* [Description of the task] A verbatim copy is needed of the lines below from the one containing "Company Social Media" up to and including the one containing "Gamers Quotes Wallpaper", excluding pictures.

* [Given information]

BEGIN

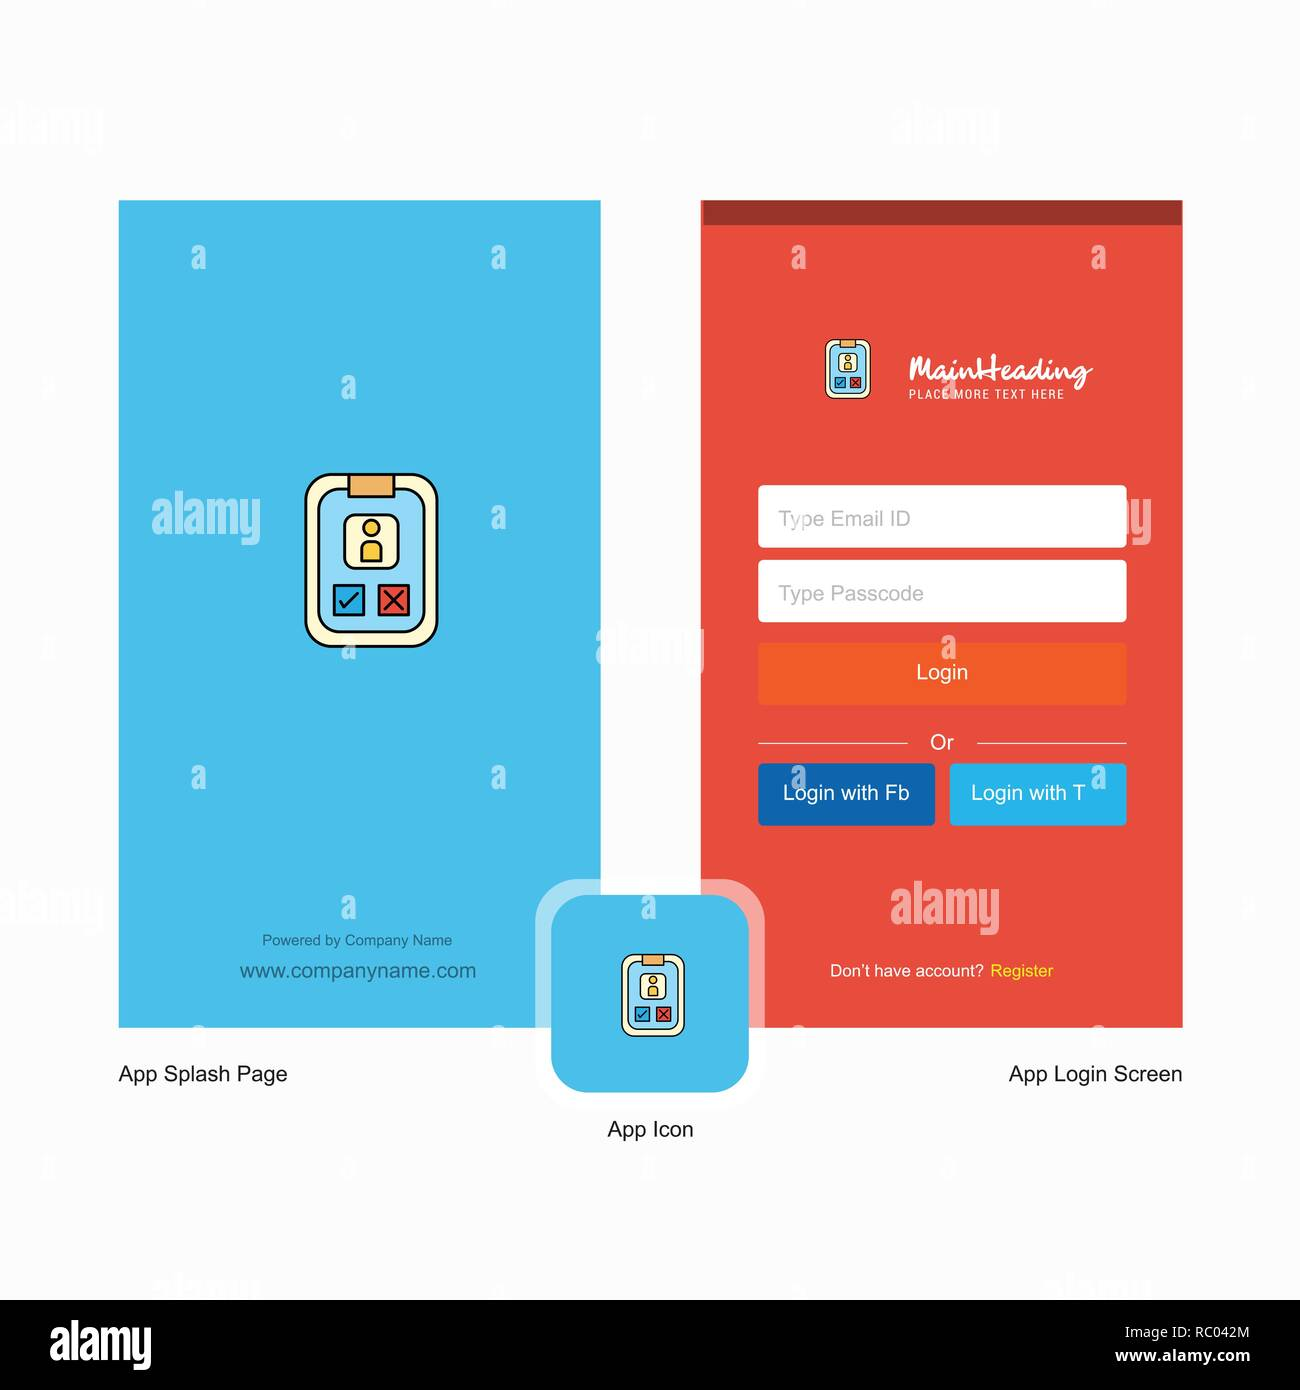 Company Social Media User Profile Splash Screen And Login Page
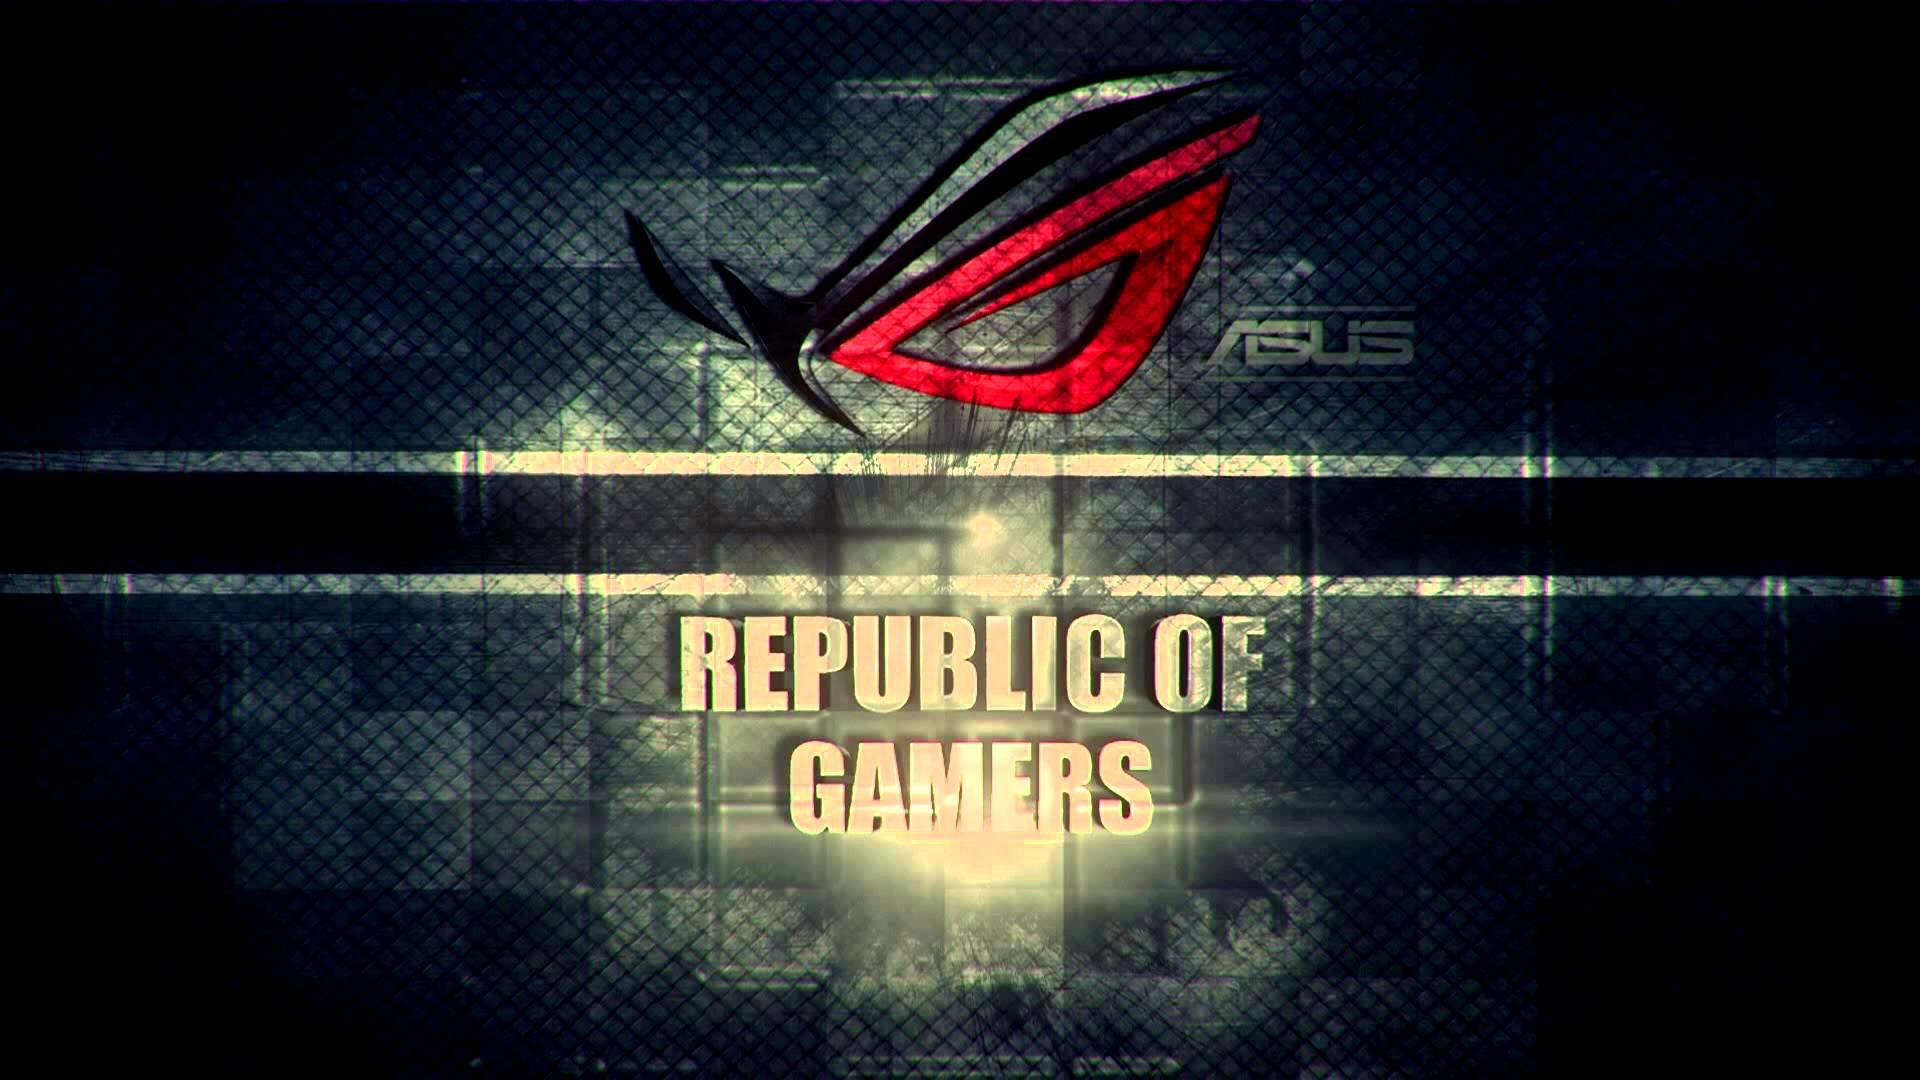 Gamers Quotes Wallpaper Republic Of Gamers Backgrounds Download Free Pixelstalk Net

END
BEGIN

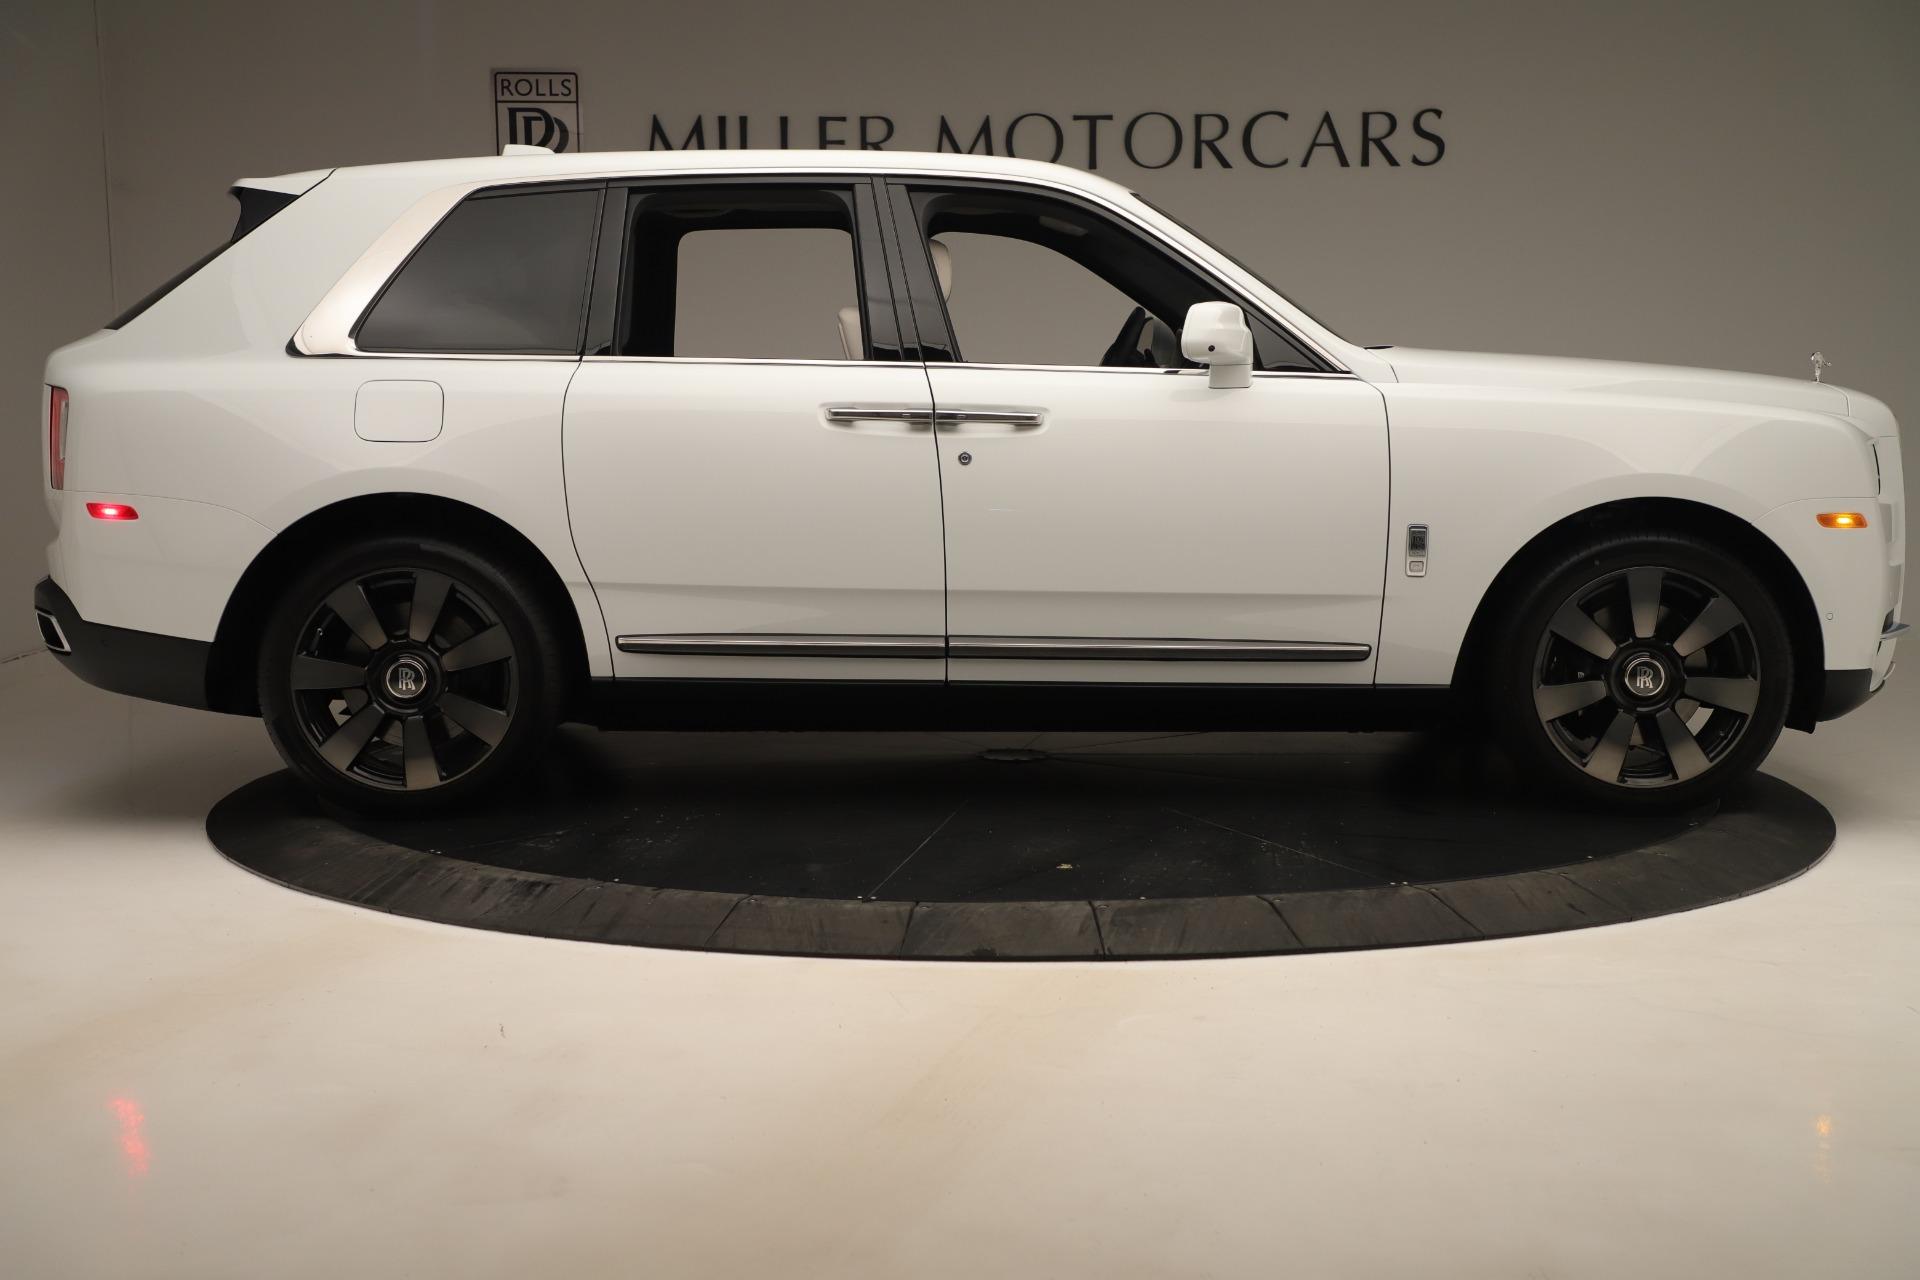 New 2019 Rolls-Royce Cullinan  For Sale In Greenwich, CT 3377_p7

END

* [Task solution]
 Company Social Media User Profile Splash Screen And Login Page
 Gamers Quotes Wallpaper Republic Of Gamers Backgrounds Download Free Pixelstalk Net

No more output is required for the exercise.